16 Comments leave one →
  1. March 3, 2009 6:53 am

    wonderful!! what a fun way to begin my Tuesday morning 🙂

  2. March 3, 2009 7:15 am

    This was a very funny post. I admit people think authors should know everything that is related to books or vocab. Thats something that cannot be escaped from. But i do get the point Kelly has made.

    I’ll have to check out ‘Standing still’.

  3. March 3, 2009 7:37 am

    This was great! I would love to read her book, so I’ll be back tomorrow for sure. 🙂

  4. March 3, 2009 8:17 am

    Love this guest post! The book is wonderful too!

  5. March 3, 2009 8:34 am

    That was great! I’ll be back tomorrow for a chance to win! (pick me pick me pick me…..) (disregard all subliminal messages…..)

  6. March 3, 2009 9:11 am

    Nice post! I know authors from both sides of the MFA fence, and I loved reading Kelly’s perspective!

  7. March 3, 2009 12:23 pm

    Great Post. I thoroughly enjoyed reading this!

  8. Carol permalink
    March 3, 2009 12:43 pm

    That was a great post. I think she is definitely someone I would enjoy.

  9. March 3, 2009 1:55 pm

    Great post! I was lucky enough to already win Kelly’s book and actually received it in the mail this morning. I’m really looking forward to reading it.

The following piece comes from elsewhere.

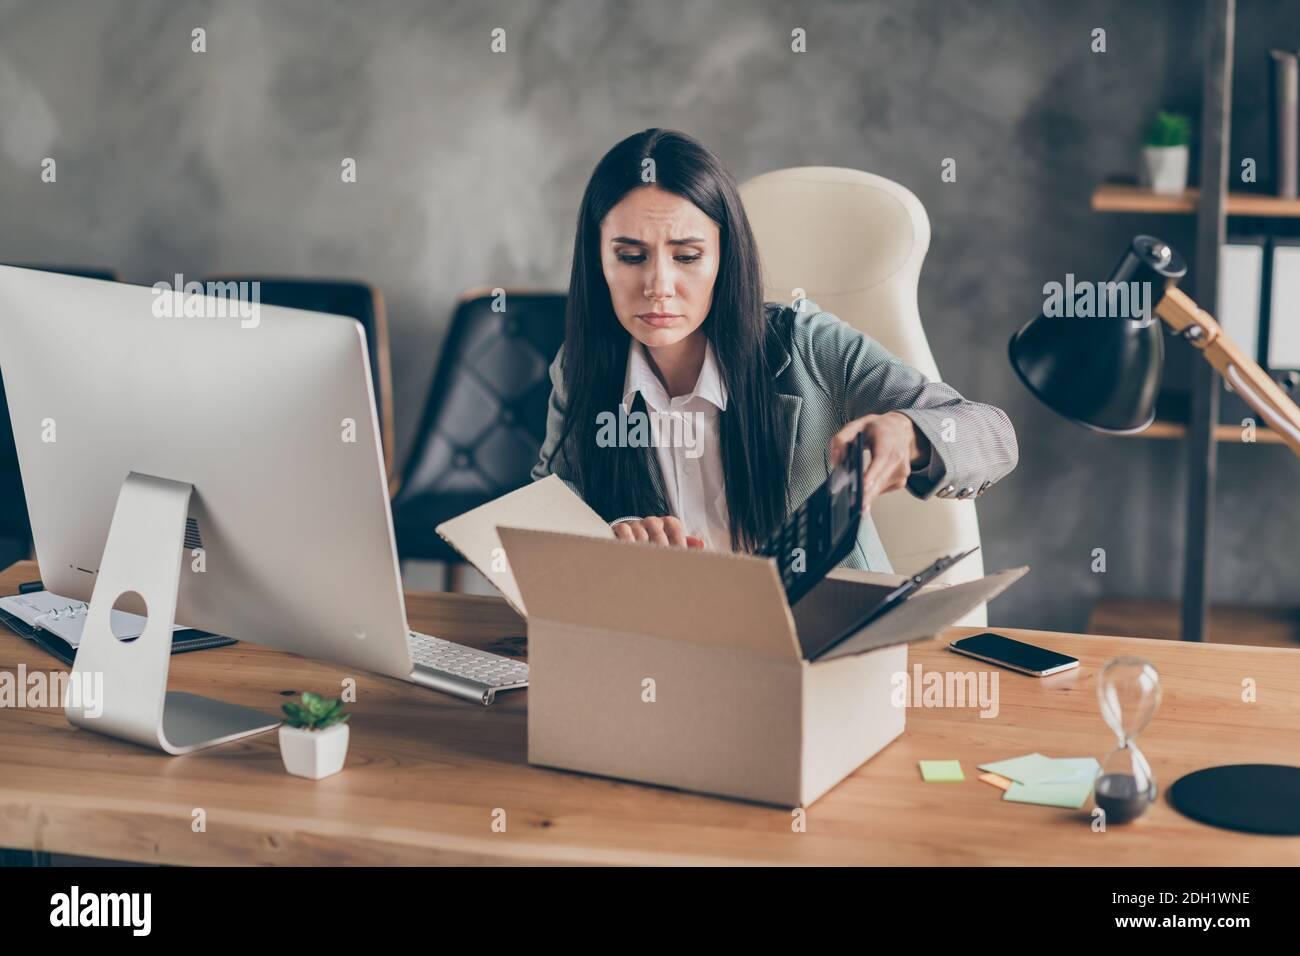 Работа девушка стол алена корнева

  10. March 3, 2009 2:48 pm

    I loved that! As someone who frequently freezes in the face of questions about literature (I have an MA and taught), I appreciate this. Invariably, I’ll get a question about Spenser or Dickens, and I know next to nothing about 19th C. lit because it wasn’t my area! Why do all people think that all writers are cut from the exact same cloth and must know all the same things? Doesn’t the diversity of books on the market tell people anything?

    Definitely coming back for the draw!

  11. March 3, 2009 7:36 pm

    Awesome! Great post.

  12. March 4, 2009 8:02 am

    I really enjoyed this one. I have a BA in English, and I can’t say that I know a lot about the classics or that I even enjoyed them. And these days my vocabulary isn’t much to brag about.

  13. March 4, 2009 7:42 pm

    Sounds like a lot of pressure!

  14. March 4, 2009 8:06 pm

    LOL ooo that is hilarious! it has to be a mailer…lol and her pea-brain…I don’t believe for a second Kelly has a pea-brain.

  15. March 6, 2009 11:17 am

    This was fantastic! Fun, accessible and it made me want to read her books! So good thing you have a giveaway going! I’m heading on up to enter right now!

  16. March 8, 2009 5:54 pm

    What a fun essay. Funny enough I get the same thing as a reader. People know I read a lot (I’ve been ill for 30 years and can’t do much else) and they expect me to have read everything. I get ” You read a lot, what do you think of War and Peace (or Jane Austen, or Philip Roth etc.).” When I say I haven’t read them they act as if I’ve never read anything good or even serious. At least it doesn’t happen in public like it can with writers. Great idea for a post.